HI Greg, It’s the aging of the openib btl.
You may be able to apply the attached patch. Note the 3.1.x release stream is no longer supported. You may want to try using the 4.1.1 release, in which case you’ll want to use UCX. Howard From: users <users-boun...@lists.open-mpi.org> on behalf of "Fischer, Greg A. via users" <users@lists.open-mpi.org> Reply-To: Open MPI Users <users@lists.open-mpi.org> Date: Wednesday, October 13, 2021 at 10:06 AM To: "users@lists.open-mpi.org" <users@lists.open-mpi.org> Cc: "Fischer, Greg A." <fisch...@westinghouse.com> Subject: [EXTERNAL] [OMPI users] OpenMPI 3.1.6 openib failure: "mlx4_0 errno says Success" Hello, I have compiled OpenMPI 3.1.6 from source on SLES12-SP3, and I am seeing the following errors when I try to use the openib btl: WARNING: There was an error initializing an OpenFabrics device.

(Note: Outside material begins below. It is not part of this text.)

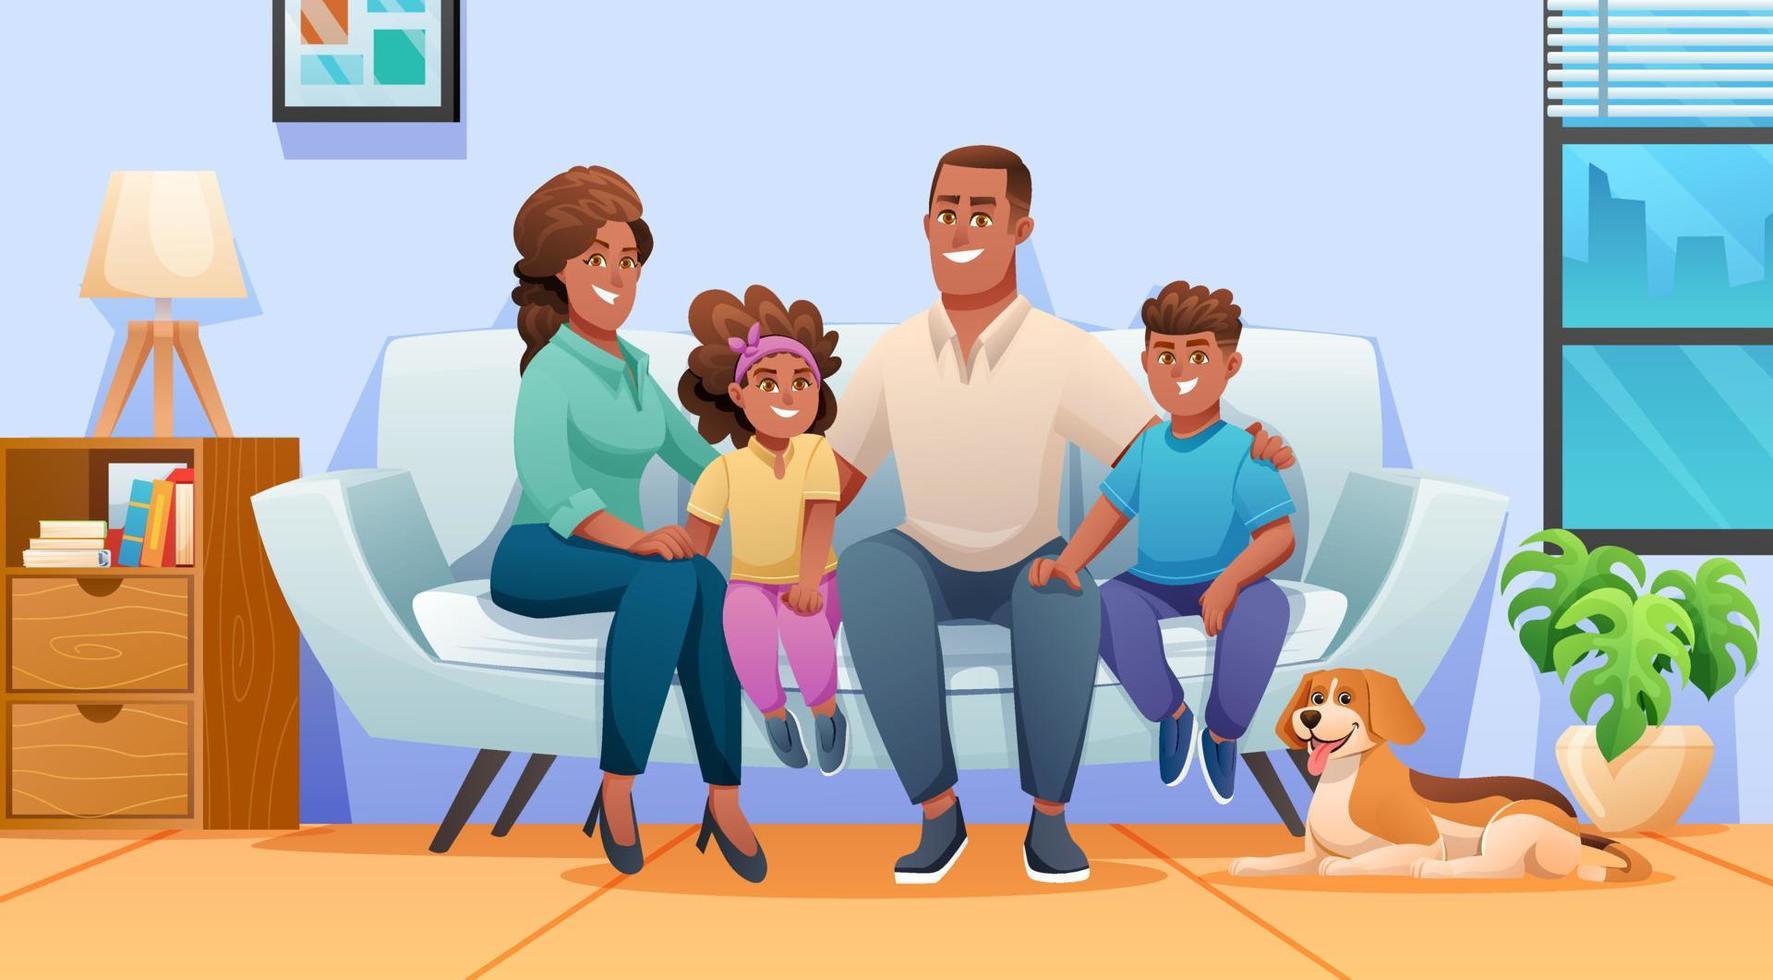 gelukkige familie zittend op de bank samen thuis met vader, moeder, kinderen en een huisdier. familie illustratie in cartoon-stijl vector

Local host: bl1308 Local device: mlx4_0 -------------------------------------------------------------------------- [bl1308][[44866,1],5][../../../../../openmpi-3.1.6/opal/mca/btl/openib/btl_openib_component.c:1671:init_one_device] error obtaining device attributes for mlx4_0 errno says Success I have disabled UCX ("--without-ucx") because the UCX installation we have seems to be too out-of-date. ofed_info says "MLNX_OFED_LINUX-4.1-1.0.2.0". I've attached the detailed output of ofed_info and ompi_info. This issue seems similar to Issue #7461 (https://github.com/open-mpi/ompi/issues/7461), which I don't see a resolution for. Does anyone know what the likely explanation is? Is the version of OFED on the system badly out-of-sync with contemporary OpenMPI? Thanks, Greg ________________________________ This e-mail may contain proprietary information of the sending organization. Any unauthorized or improper disclosure, copying, distribution, or use of the contents of this e-mail and attached document(s) is prohibited. The information contained in this e-mail and attached document(s) is intended only for the personal and private use of the recipient(s) named above. If you have received this communication in error, please notify the sender immediately by email and delete the original e-mail and attached document(s).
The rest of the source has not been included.